++++ Records supplied

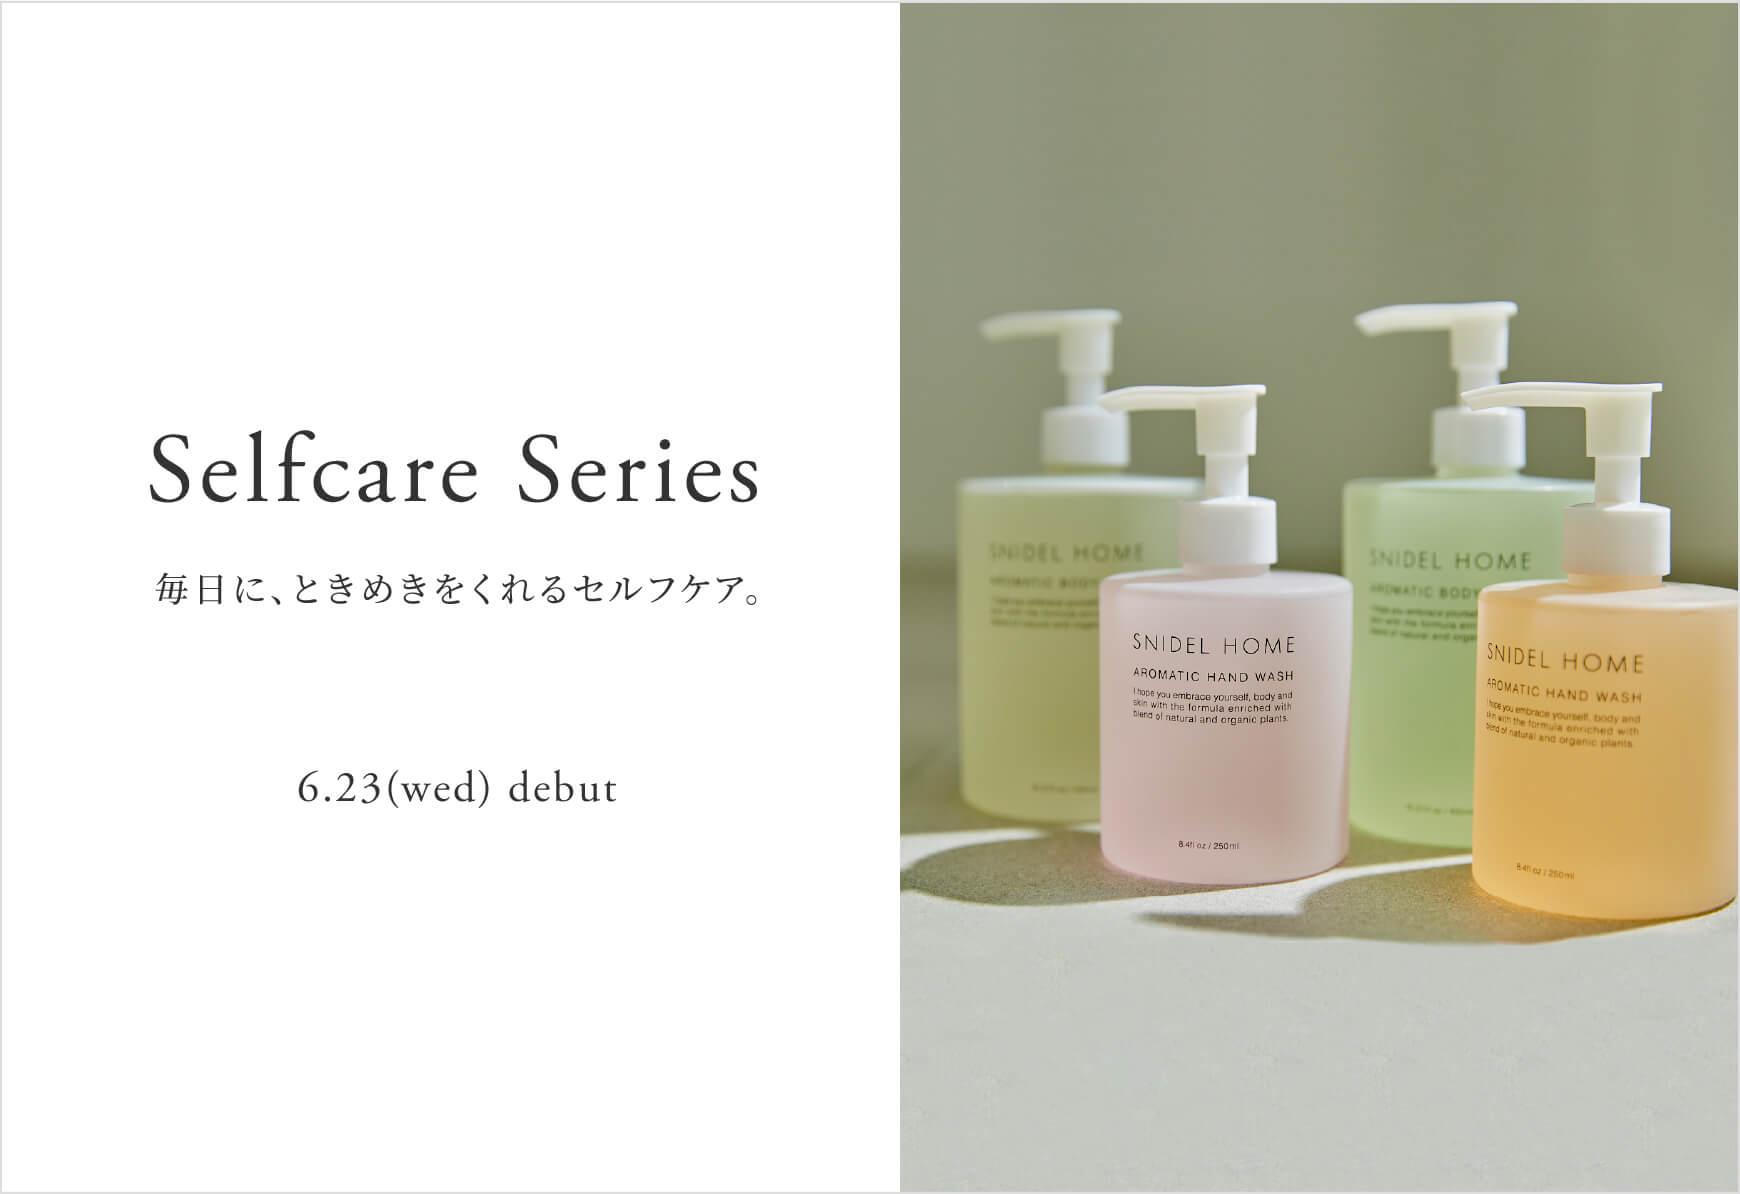 Selfcare Series 毎日に、ときめきをくれるセルフケア。
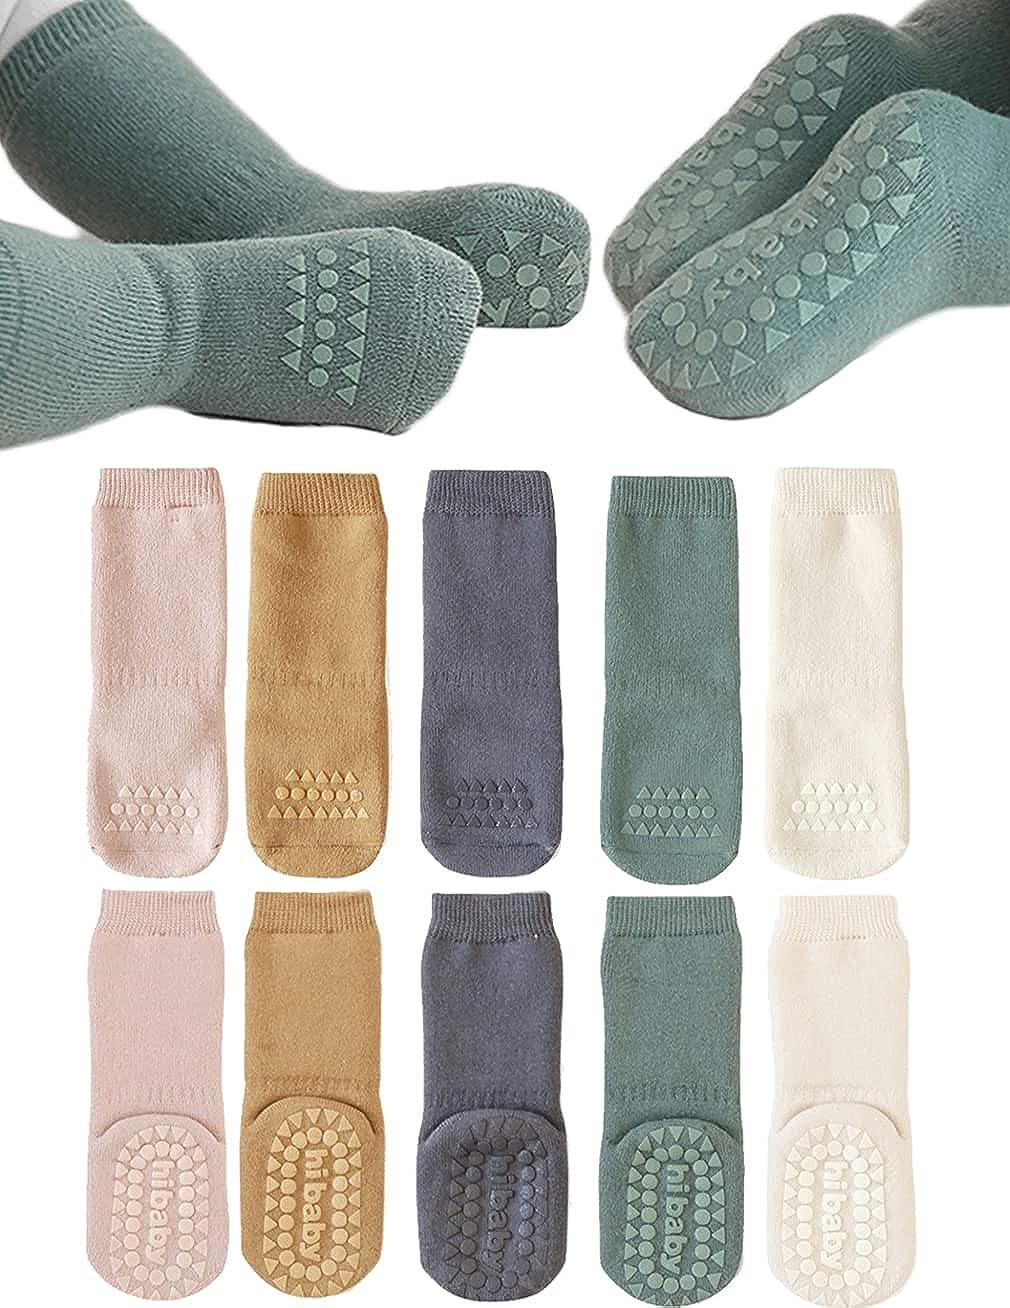 Baby Non Slip Grip Socks Toddler Knee High Anti Skid Crew Slipper Crawling Socks for Girls Boys Newborn
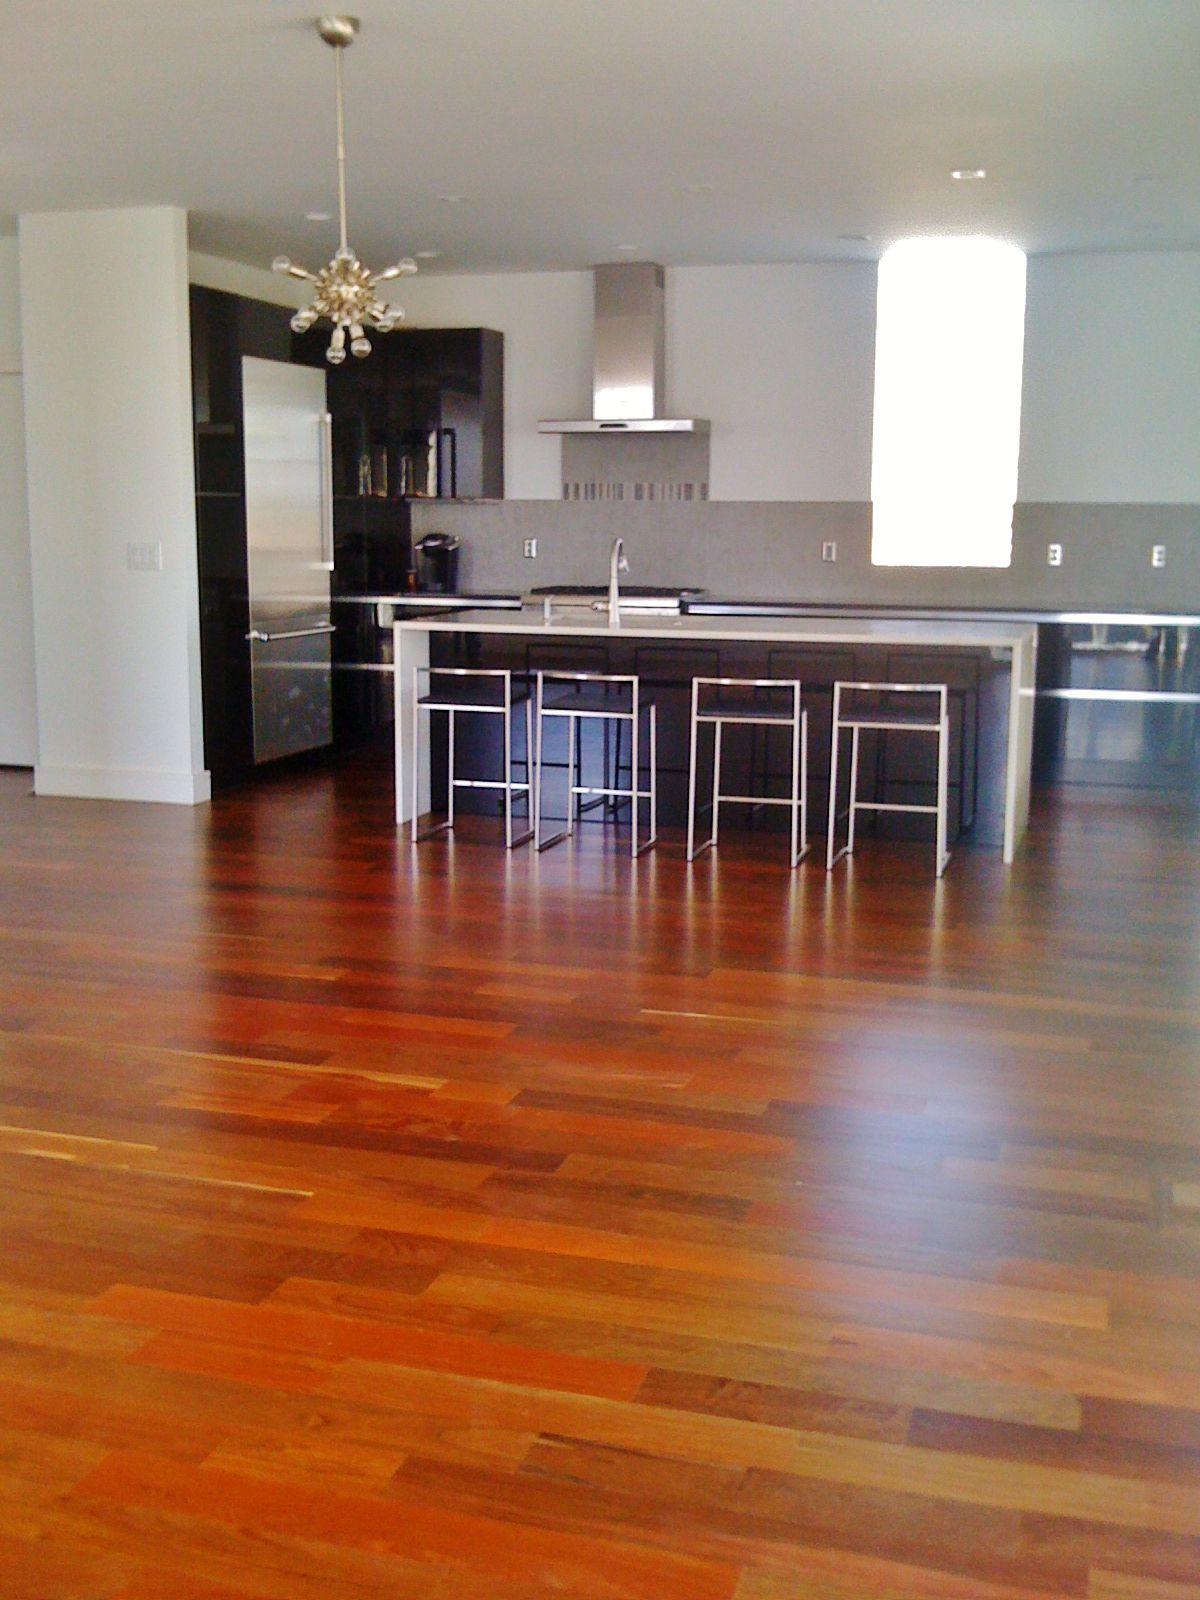 Ipe Hardwood Floors With 3 Coats Of
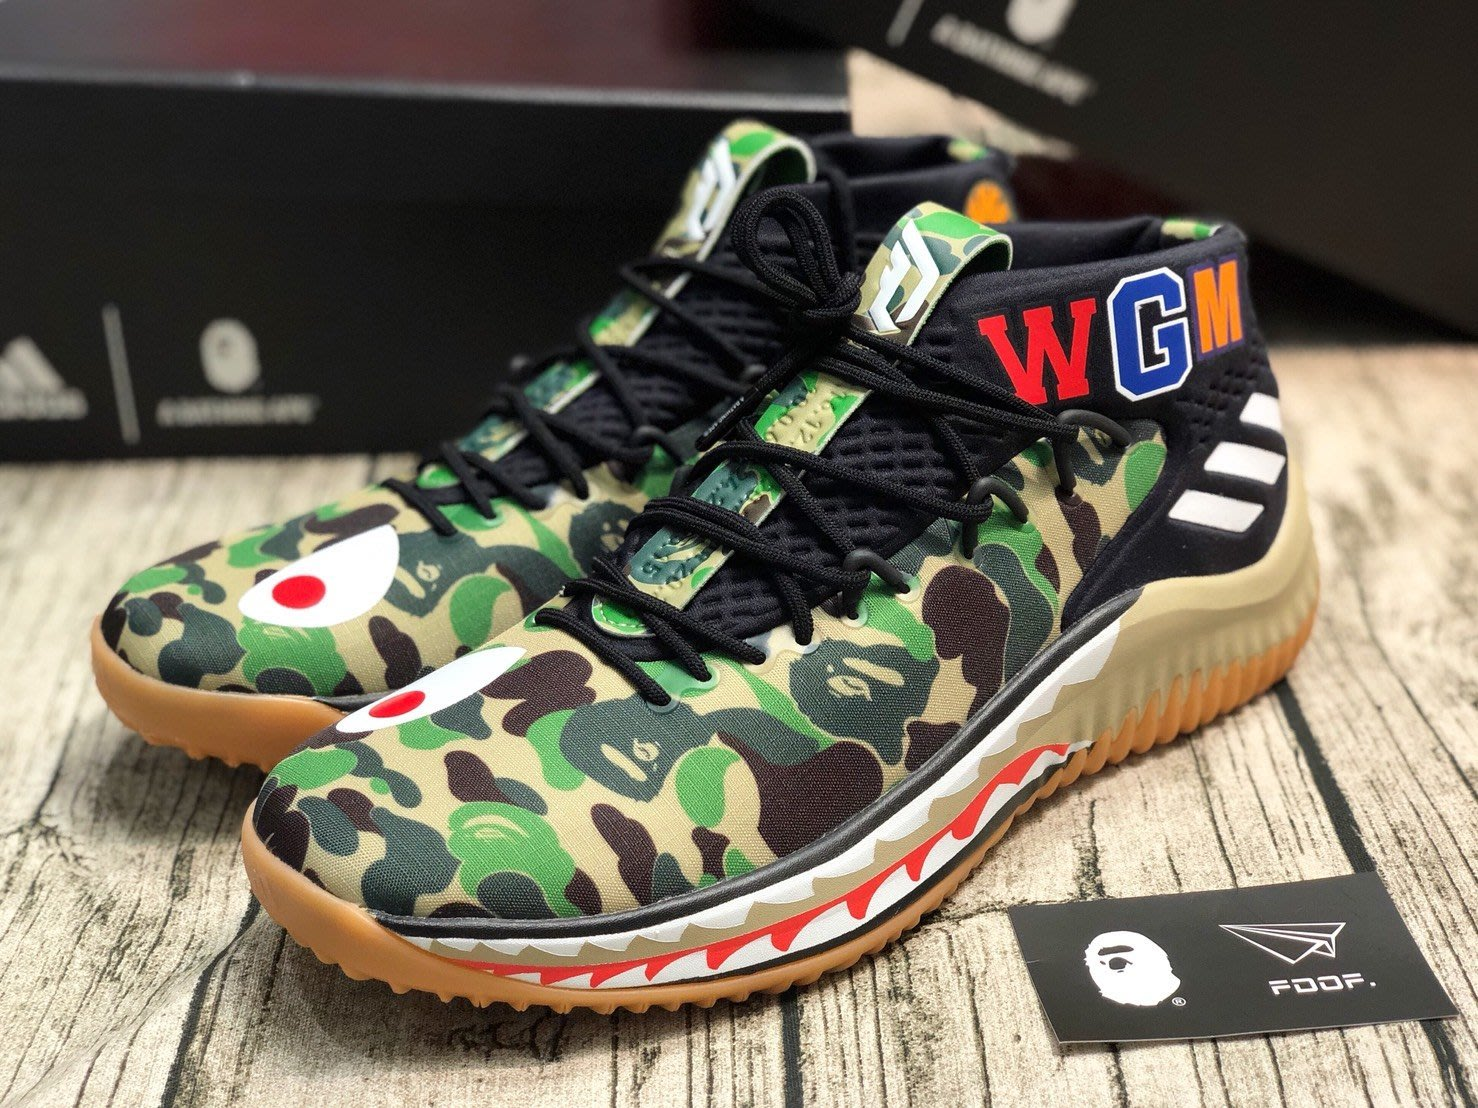 [FDOF] 預購 BAPE x adidas Dame 4 綠迷彩 鯊魚 籃球鞋 美國公司貨/歐洲公司貨
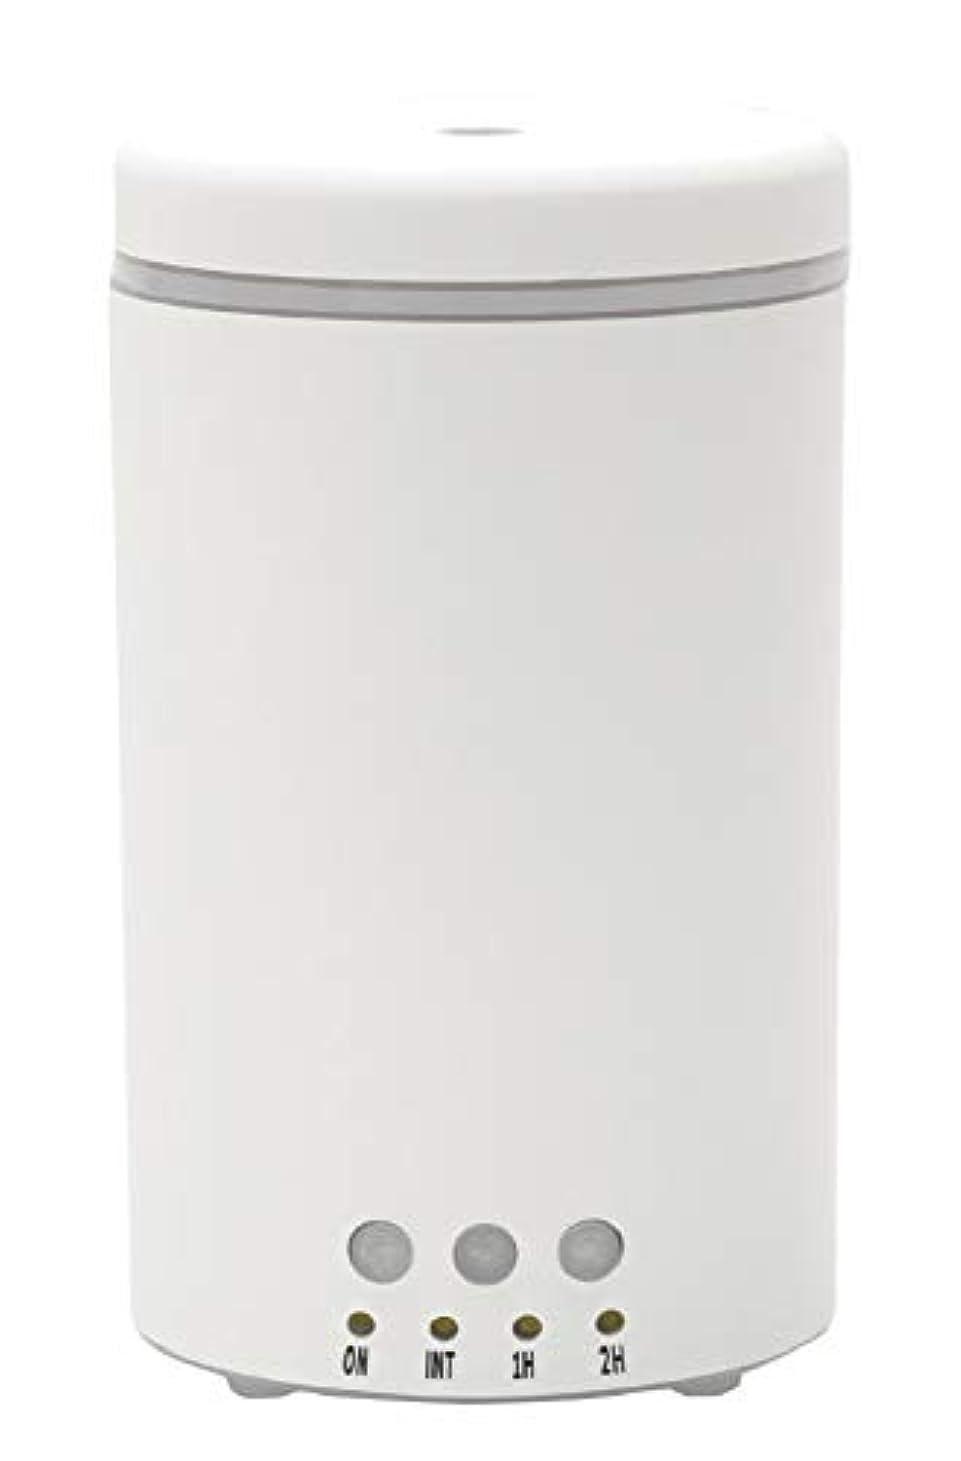 自明毛皮うんノルコーポレーション アロマディフューザー 超音波式 150ml ホワイト OP-AMD-1-3

++++++++

§ **Task goal**: An exact copy of all the records is required, with the pictures omitted.

§ **Task solution**:
 Selfcare Series 毎日に、ときめきをくれるセルフケア。
 Baby Non Slip Grip Socks Toddler Knee High Anti Skid Crew Slipper Crawling Socks for Girls Boys Newborn
 Ipe Hardwood Floors With 3 Coats Of
 [FDOF] 預購 BAPE x adidas Dame 4 綠迷彩 鯊魚 籃球鞋 美國公司貨/歐洲公司貨
 自明毛皮うんノルコーポレーション アロマディフューザー 超音波式 150ml ホワイト OP-AMD-1-3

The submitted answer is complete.